Certain kidney stone symptoms and changes in symptoms may indicate the need to consult with a primary care provider or visit the emergency room.

You should go to the hospital or seek medical attention for these kidney stone symptoms:

  • A sharp pain in the side, back or lower abdomen
  • Pain when urinating
  • Blood in the urine (hematuria)
  • Fever or chills
  • Nausea and vomiting
  • Experiencing immense pain, becoming unbearable

If you encounter any of these symptoms you should always consult with your physician so that you can be properly diagnosed and the condition of your stone can be understood. When patients experience excruciating abdominal pain, fever, chills, or sudden changes in urinary patterns, this can mean that the stone is causing a blockage in the patient’s urinary tract or is possibly infected.

A blockage or an infected stone may cause additional health issues, worsen current symptoms, and bring additional symptoms such as nausea and vomiting. Should this occur, patients must visit the emergency room immediately. The patient will likely require some type of medical intervention such as medication or surgery.

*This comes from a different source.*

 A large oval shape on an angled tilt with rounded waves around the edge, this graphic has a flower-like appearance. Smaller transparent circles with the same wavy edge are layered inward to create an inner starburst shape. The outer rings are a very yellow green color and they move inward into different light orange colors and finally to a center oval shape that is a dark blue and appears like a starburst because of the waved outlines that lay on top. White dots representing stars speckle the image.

Types of kidney stone surgery and recovery include:

  • Shock wave lithotripsy (SWL): Shock waves are applied outside of the body to break up the stones into fragments small enough to be able to exit through the patient’s body in the urine. Patients can return home the same day as the procedure, returning to normal activities within 2 to 3 days.
  • Ureteroscopy (URS): An ureteroscope (surgical tool) is inserted, without making an incision or cut on the patient, to view the stones inside the patient’s kidney. A laser is then used to break the stone and a basket-like device is used to carefully remove the stones from the patient’s body. Patients can return home the same day as the procedure, returning to normal activities within 2 to 3 days.
  • Percutaneous nephrolithotomy (PCNL): A nephroscope (surgical tool) is inserted via a small incision in the back or side of the patient to view, break up, and remove the stones inside the patient’s body. It is typically utilized for larger stones or stones more difficulty positioned. Patients are required to stay overnight at the hospital the same day as the procedure, returning to their normal activities after 1 to 2 weeks.

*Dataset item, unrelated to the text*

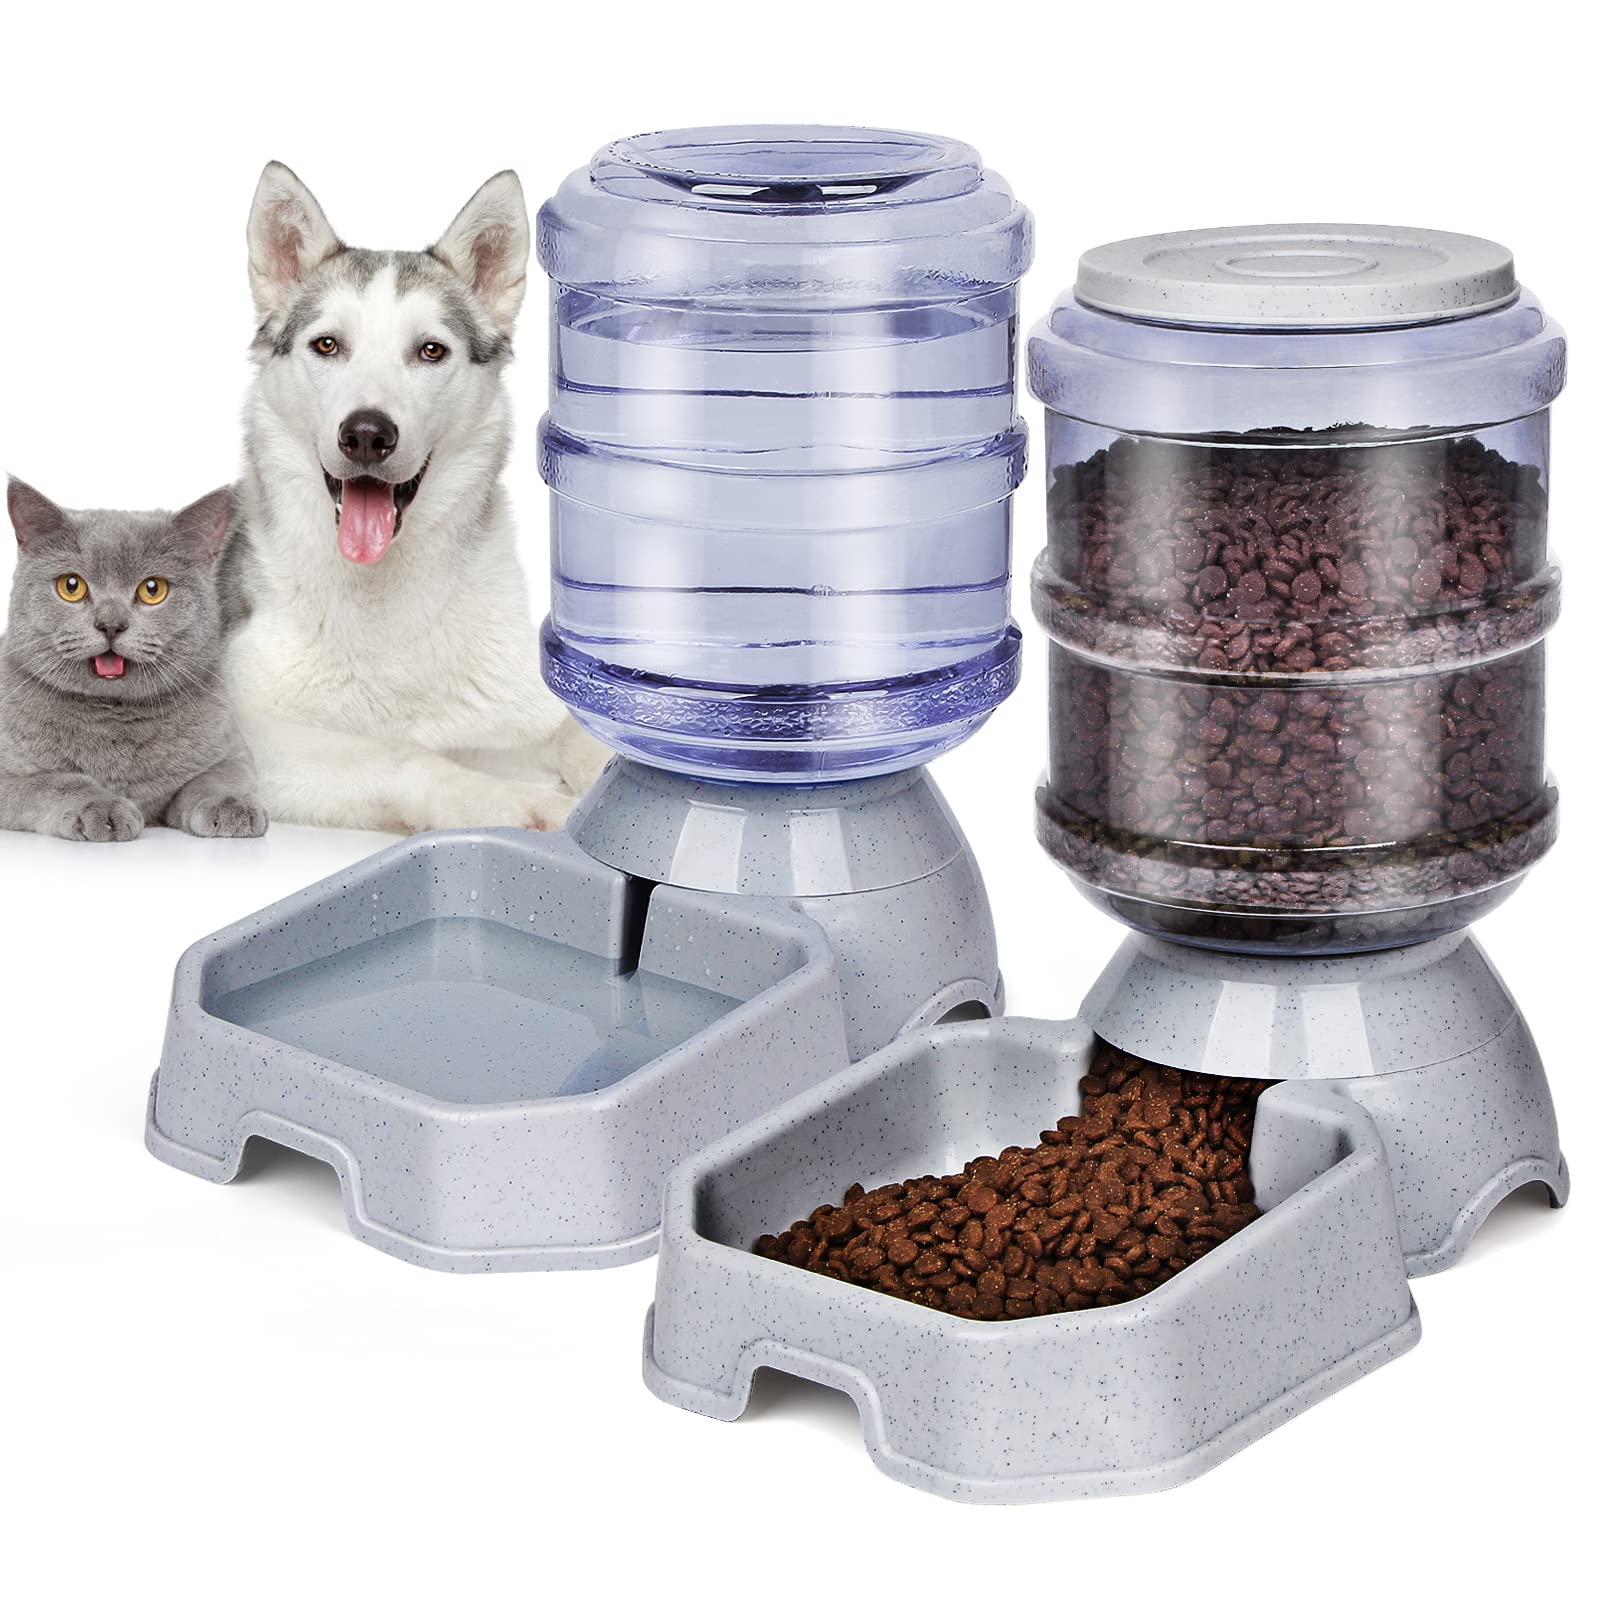 DIY self-filling dog food feeder and automatic watering sys

At the end of the surgery, once the stones are removed, the surgeon may insert and leave a tube in the kidney or a stent in the ureter (the tube that connects the kidney and the bladder) to help drain urine from the kidney. A stent is a thin, semi-rigid plastic tube that helps allow urine to pass from the kidneys to the bladder. However, the stent may cause some discomfort and will normally be removed 4 to 10 days after the procedure. Some patients may experience some discomfort or blood in urine when urinating due to the fragments of the stone exiting the patient’s body.